Pardicle (Patwary et al., 2014) approximates DBSCAN in a supercomputing environment. It accelerates the basic DBSCAN approach by parallelization: after partitioning the multi-dimensional dataset into contiguous chunks, DBSCAN finds clusters in each chunk in parallel on different CPUs/cores of the supercomputing infrastructure. To account for clusters that span several chunks (analysed independently and in parallel on different cores), Pardicle replicates the border (of width ϵ) of a chunk and copies it to adjacent chunks, i.e. to cores in the supercomputer. Doing so in essence makes the chunks overlap but also ensures correctness of the result. To reduce the overhead in terms of replication and distance calculations, not the exact border is calculated but it is sampled. Doing so approximates the results: the result in each chunk is accurate, but merging of clusters between adjacent chunks may fail.
10 Conclusions
In this paper, we develop ADvaNCE, a novel approach for approximating density-based clustering. ADvaNCE builds on a Grid-based optimization of DBSCAN and uses two approximations to accelerate and enable scalability of the clustering process. Understanding that distance calculations are the major contributor to the execution time of DBSCAN, ADvaNCE accelerates clustering by (a) approximating distance calculations and (b) reducing the distance calculations required, thereby further approximating the result. To achieve the necessary level of approximation, ADvaNCE iterates over intermediate results to monotonically increase the accuracy.

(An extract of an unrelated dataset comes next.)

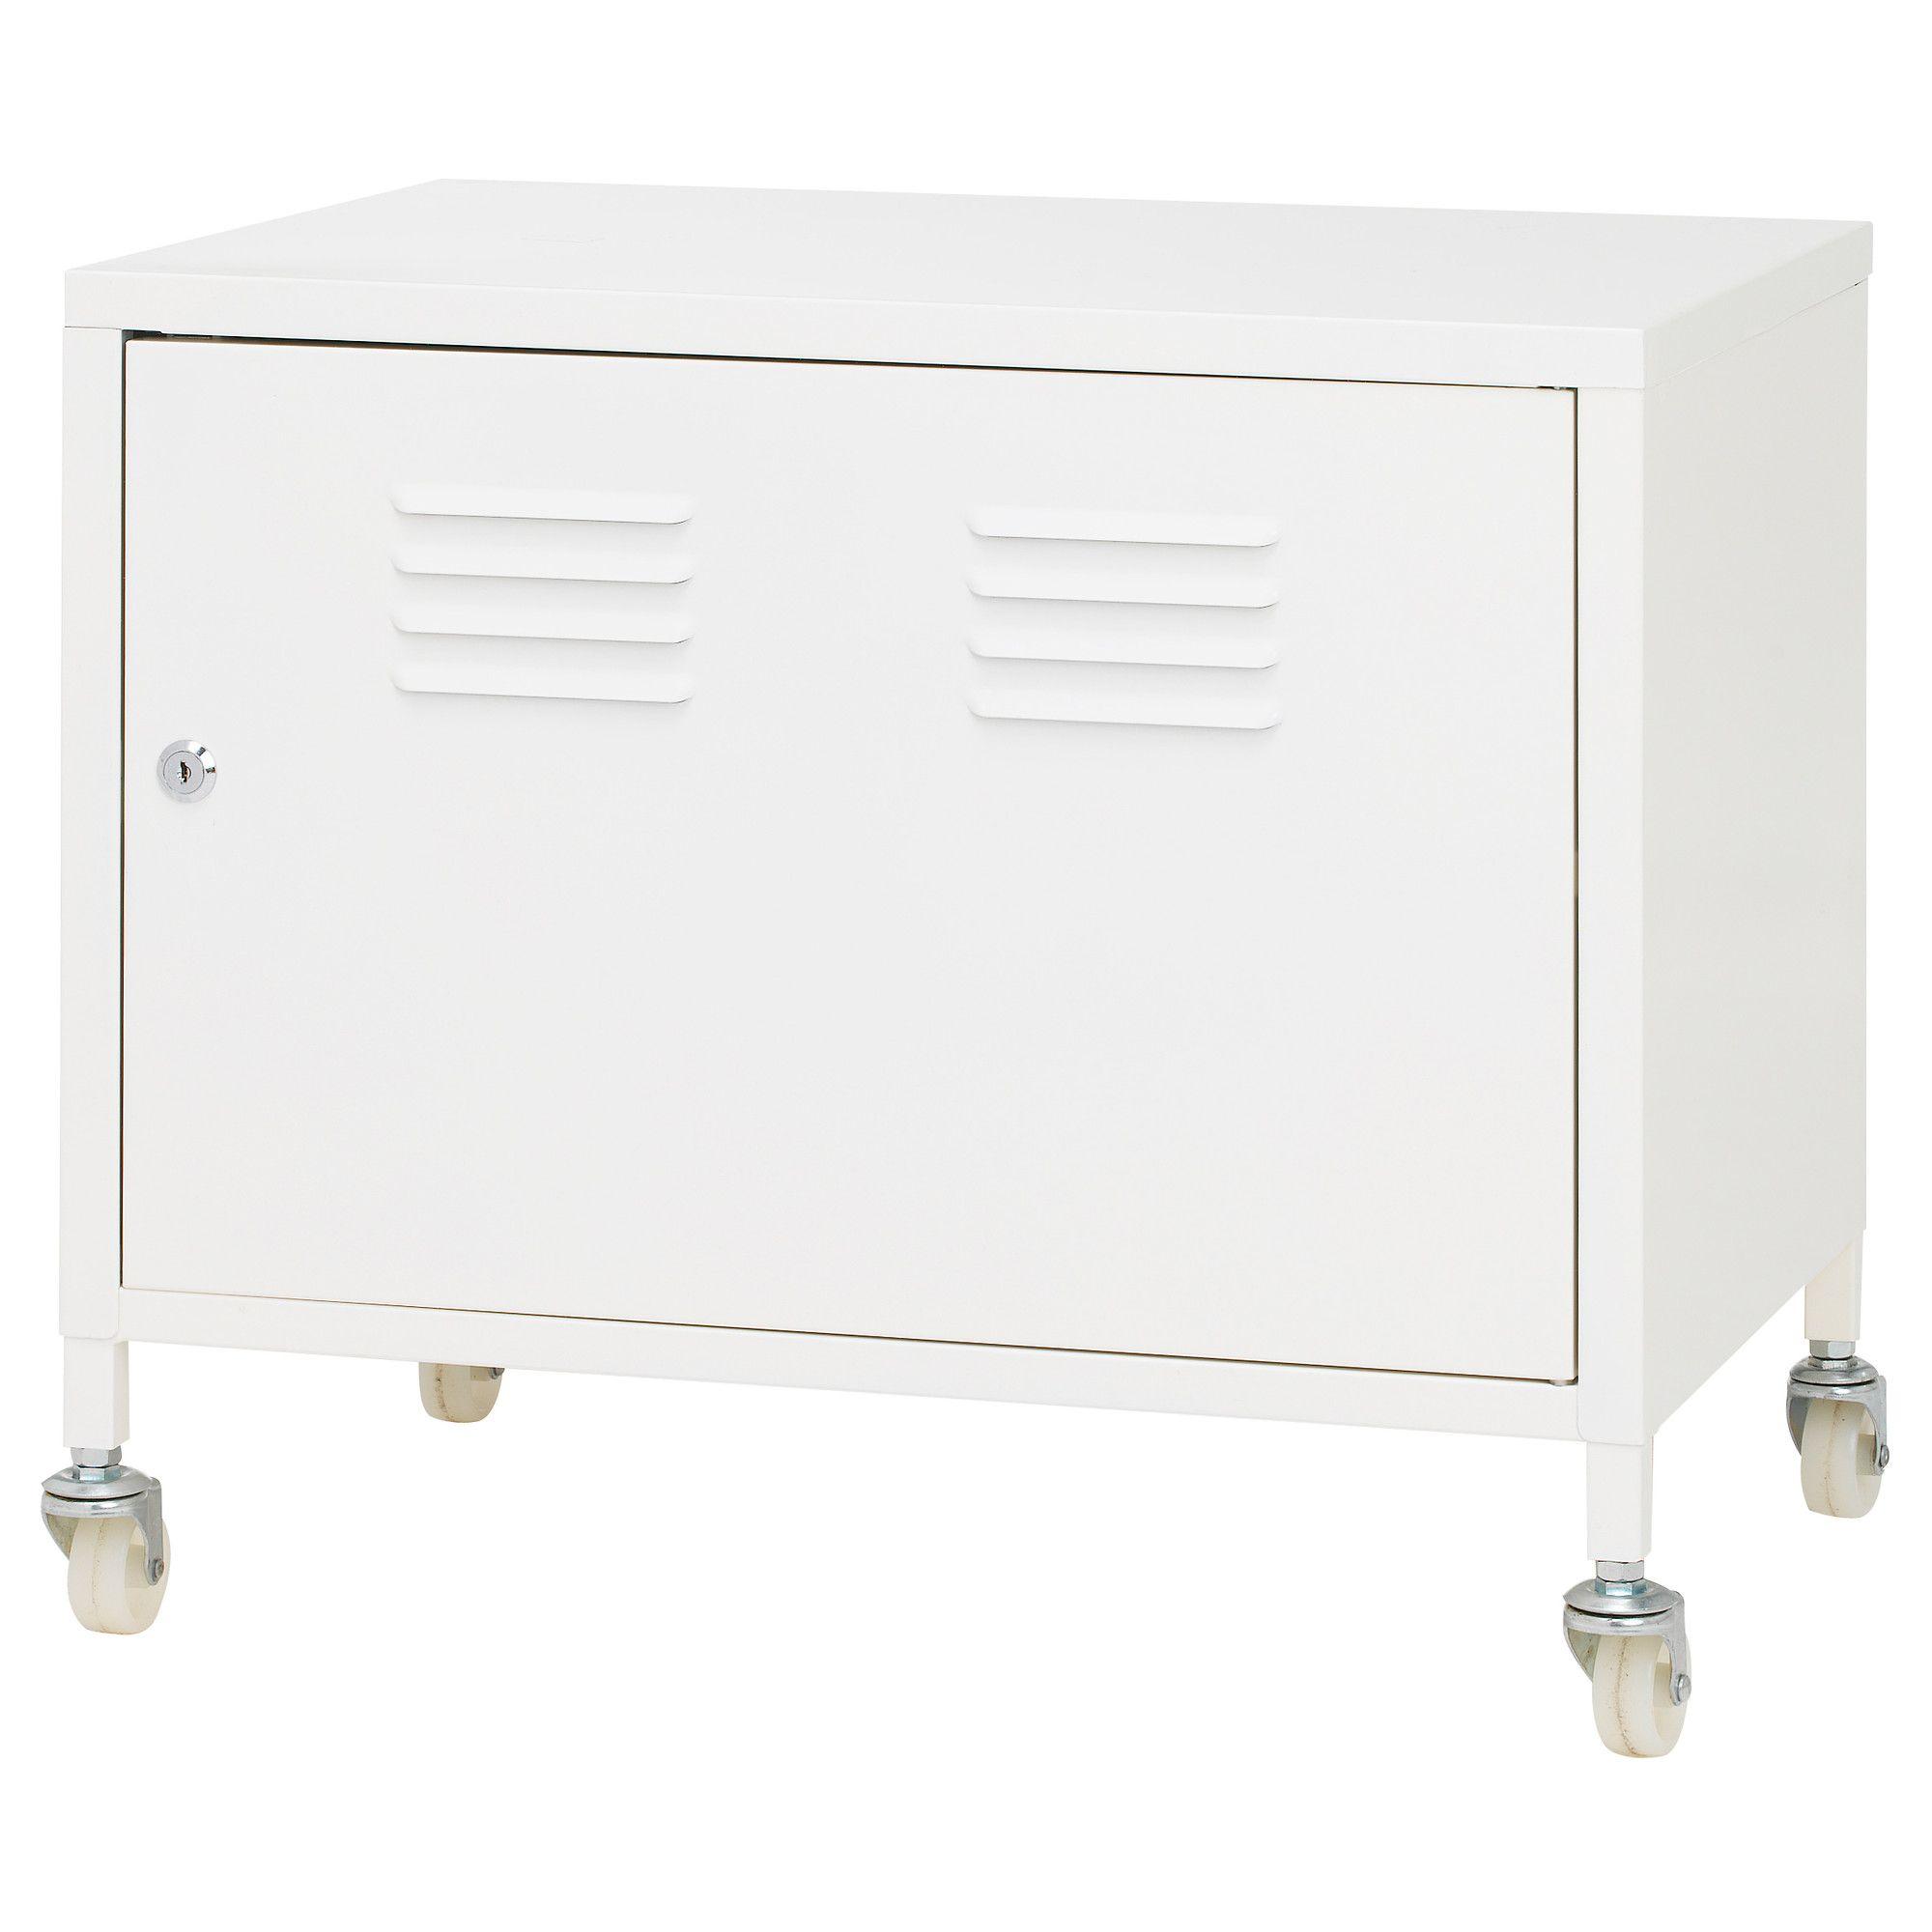 Ikea ps armario con ruedas ikea furniture pinterest - Ikea ps armario ...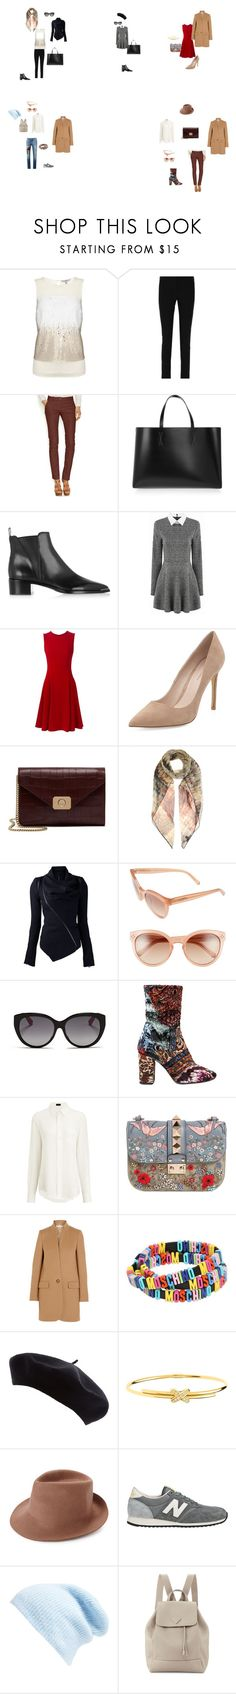 """Nat_looks"" by lesskoff on Polyvore featuring мода, Coast, STELLA McCARTNEY, Michael Kors, Marni, Acne Studios, Dolce&Gabbana, Mulberry, Valentino и Chloé"

Approximate clustering results oftentimes are sufficient as has been established by related work (Ankerst et al., 1999; Gan and Tao, 2015). Compared to the most recent state-of-the-art algorithms in approximate density-based clustering (Gan and Tao, 2015), ADvaNCE achieves the same accuracy but manages to do so more than one order of magnitude faster (30×) in the best case. With our experimental evaluation we also show that ADvaNCE executes faster when varying parameters like ϵ, dataset size or the number of dimensions. In general, ADvaNCE scales better than the state-of-the-art algorithms.